4. Conclusion In summary, well-defined Pt single-atoms on a nitrogen-doped porous carbon (Pt1/NPC) were successfully fabricated by a simple photochemical solid-phase reduction method. The proposed photo-chemical route can not only avoid agglomeration of precious metals that is typical of conditional wet chemistry methods but also is easier to access and potentially more scalable than the current ALD. Besides, the loading of the as-synthesized Pt single atoms on the carbon is very high (3.8 wt.%).
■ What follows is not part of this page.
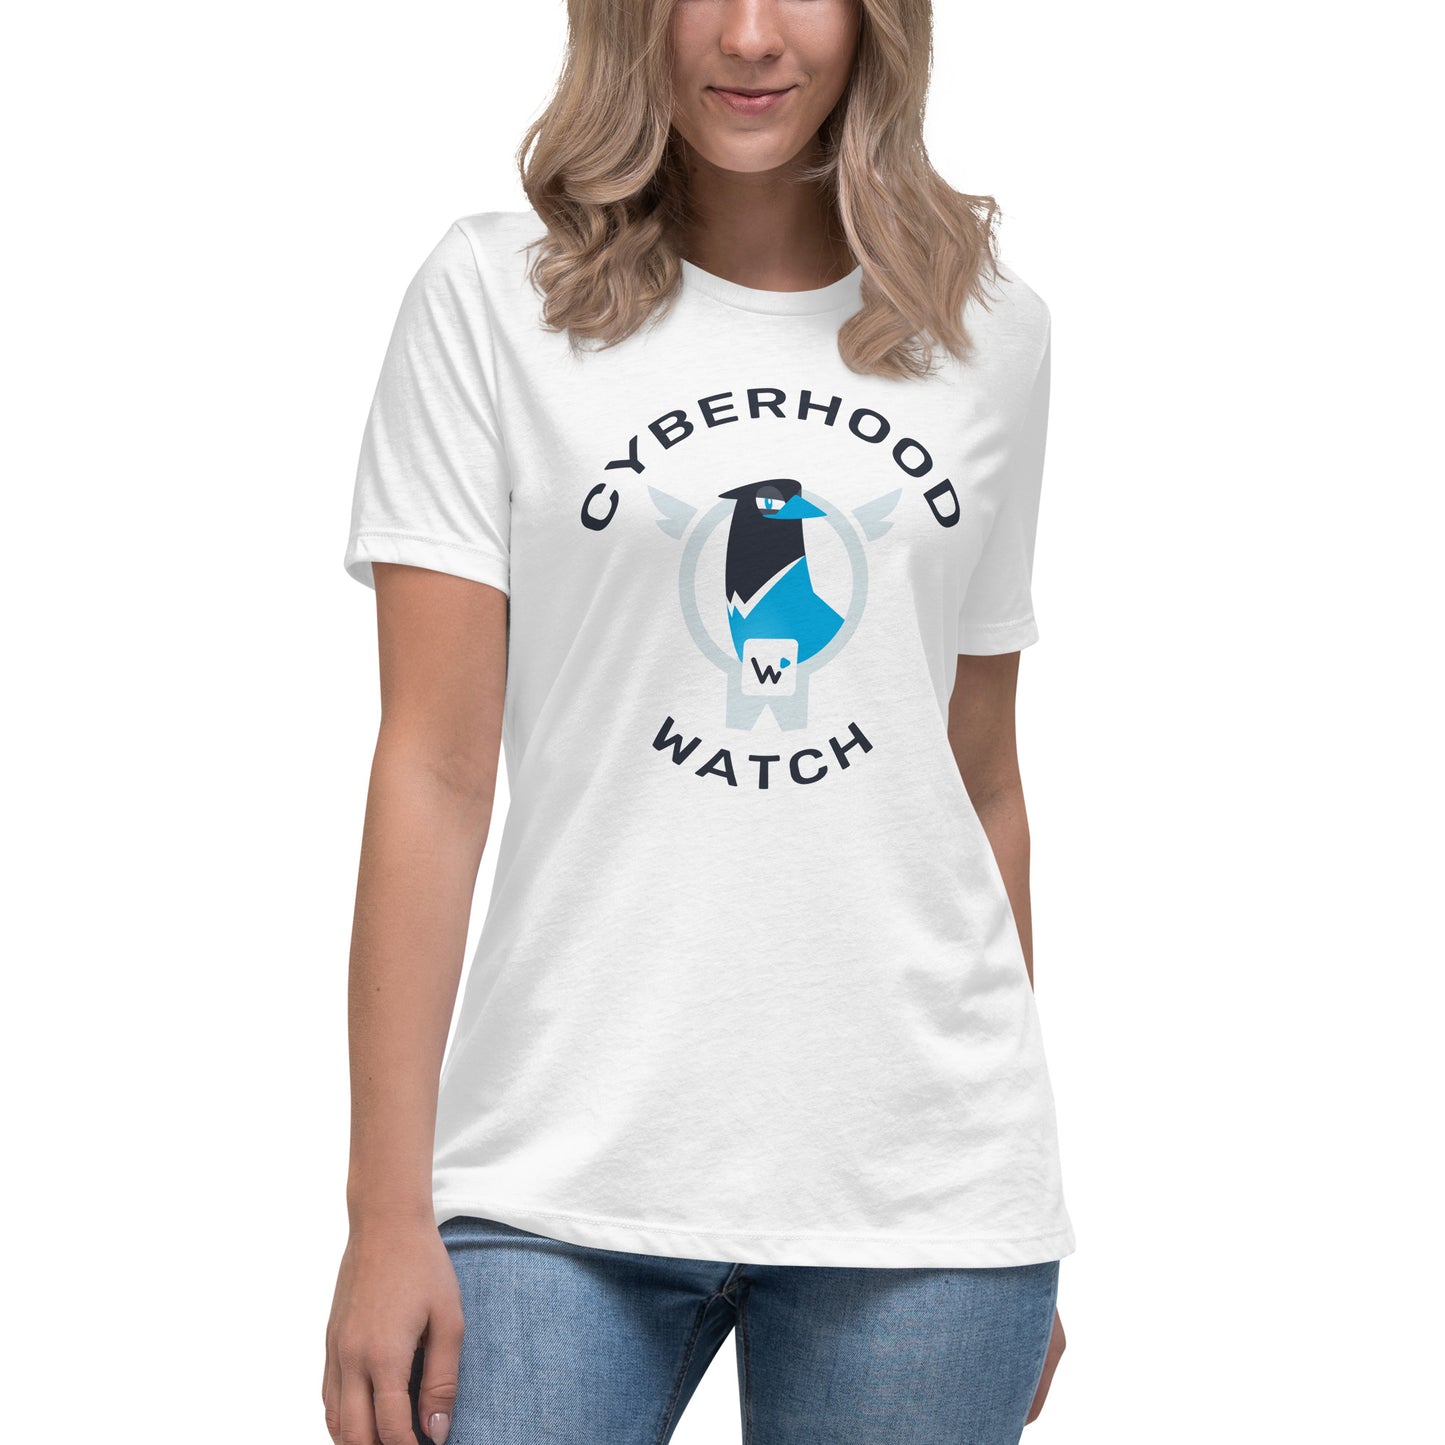 Women's Relaxed Cyberhood Watch T-Shirt
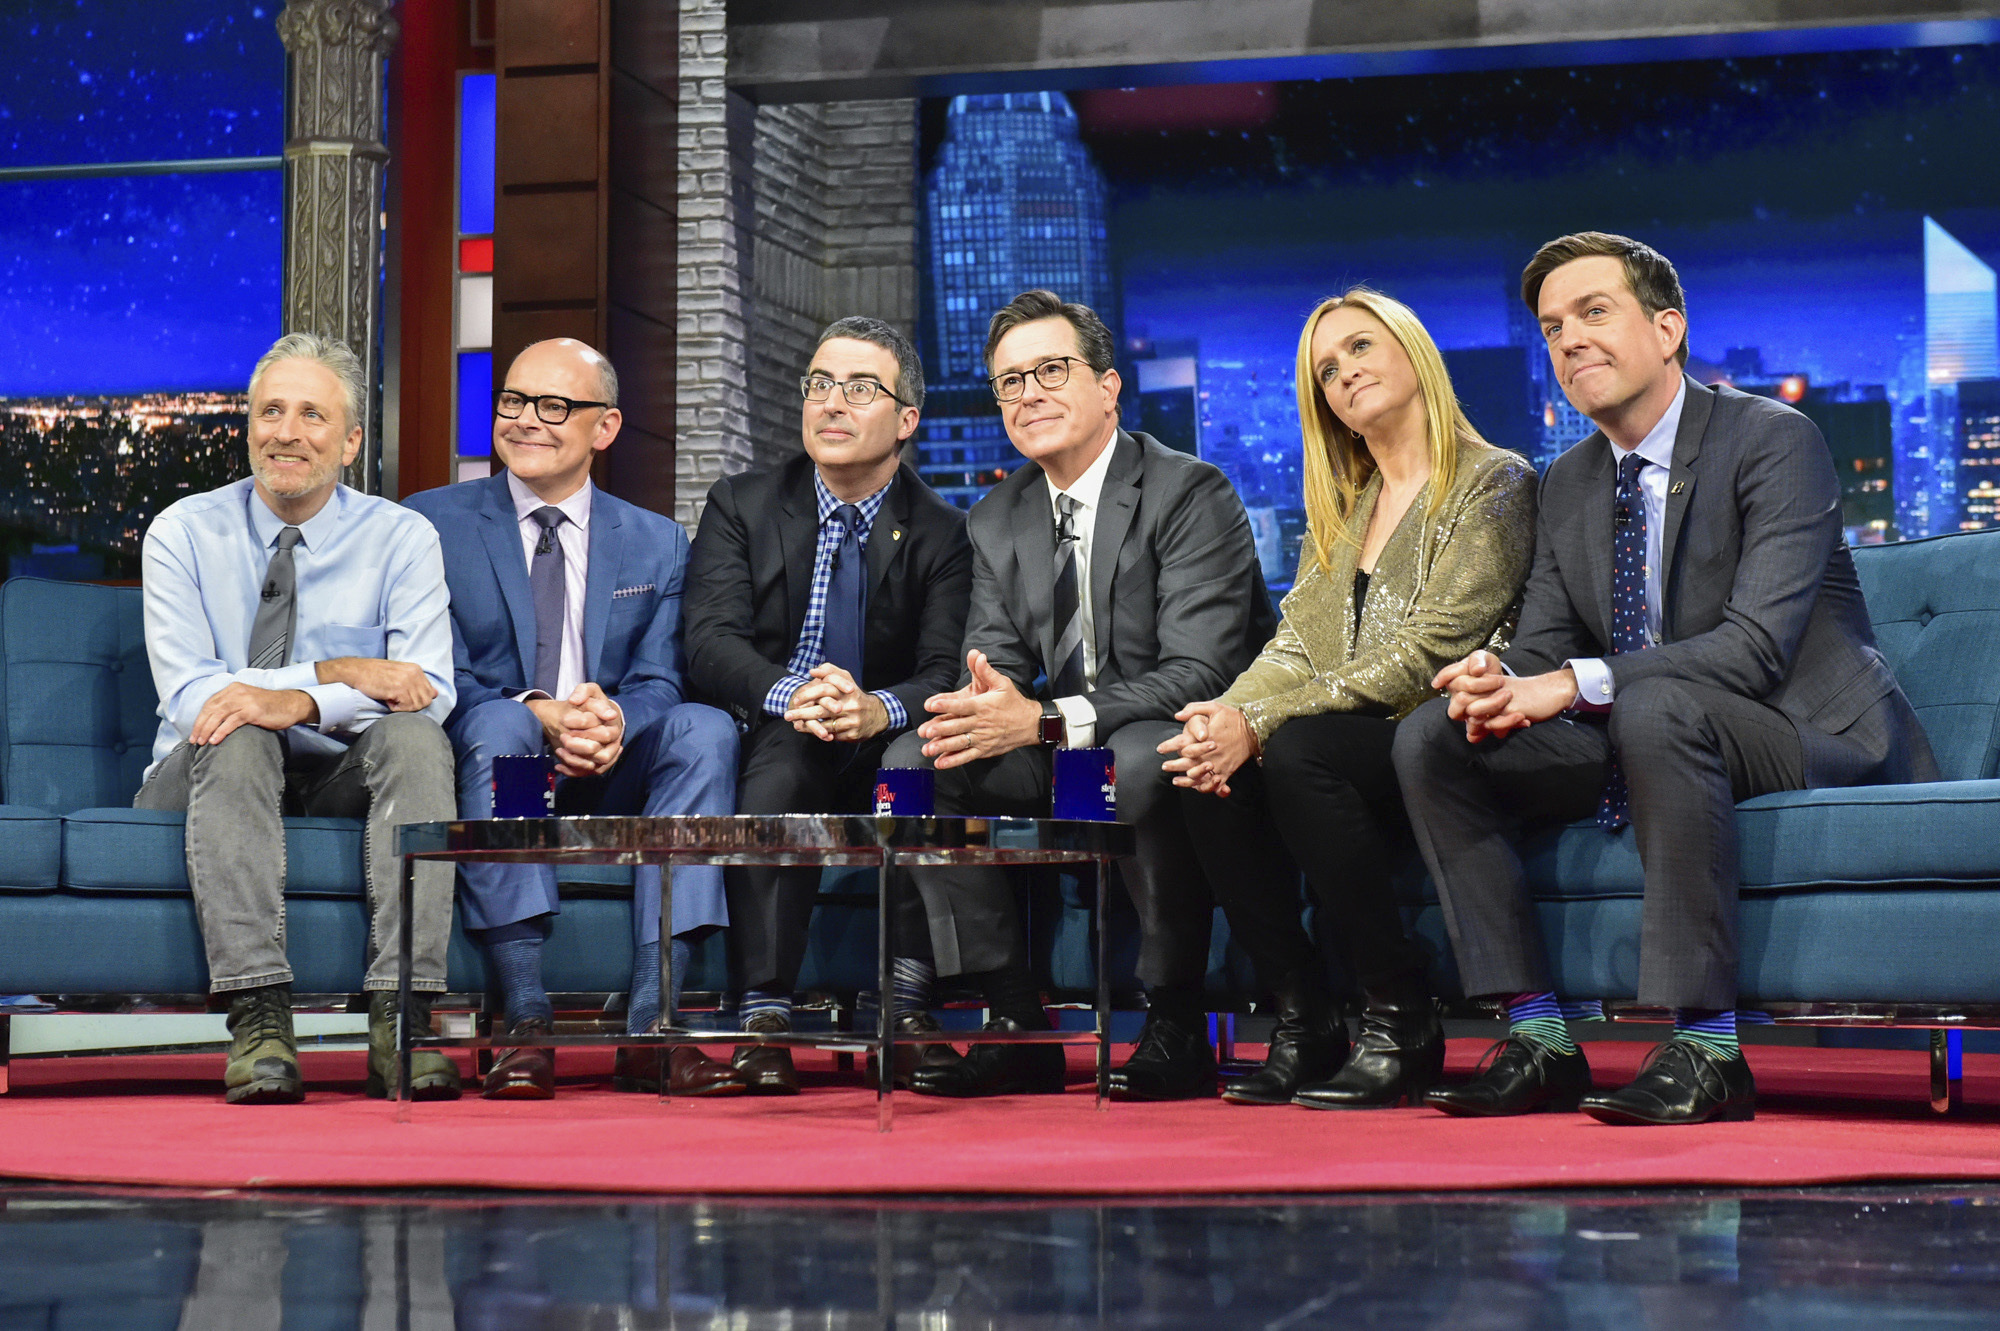 Jon Stewart, Stephen Colbert, Samantha Bee, Ed Helms, John Oliver, Rob Corddry

These Pt single atoms can be used as bifunctional electrocatalyst for hydrogen evolution reaction (HER) and oxygen reduction reaction (ORR) in acidic or alkaline solutions. It exhibits ultrahigh electrocatalytic activity and stability for HER in an acidic solution, which much higher those obtained by a commercial Pt/C (20 wt.% Pt). The catalyst also displays superior ORR activity and stability to the Pt/C in an alkaline solution. These remarkably improved electrocatalytic activities are attributed to the unique electronic structure of the Pt–N4 coordination sites in the Pt1/NPC. The formation of the stable Pt–N4 structure in this catalyst has been confirm by DFT calculation. This work provides a novel photochemical solid-phase reduction to design precious metal based (such as Pt, Ag, Au, Ir, Ru and Pd) single-atom catalyst as next generation electrocatalytic materials for fuel cells and hydrogen production.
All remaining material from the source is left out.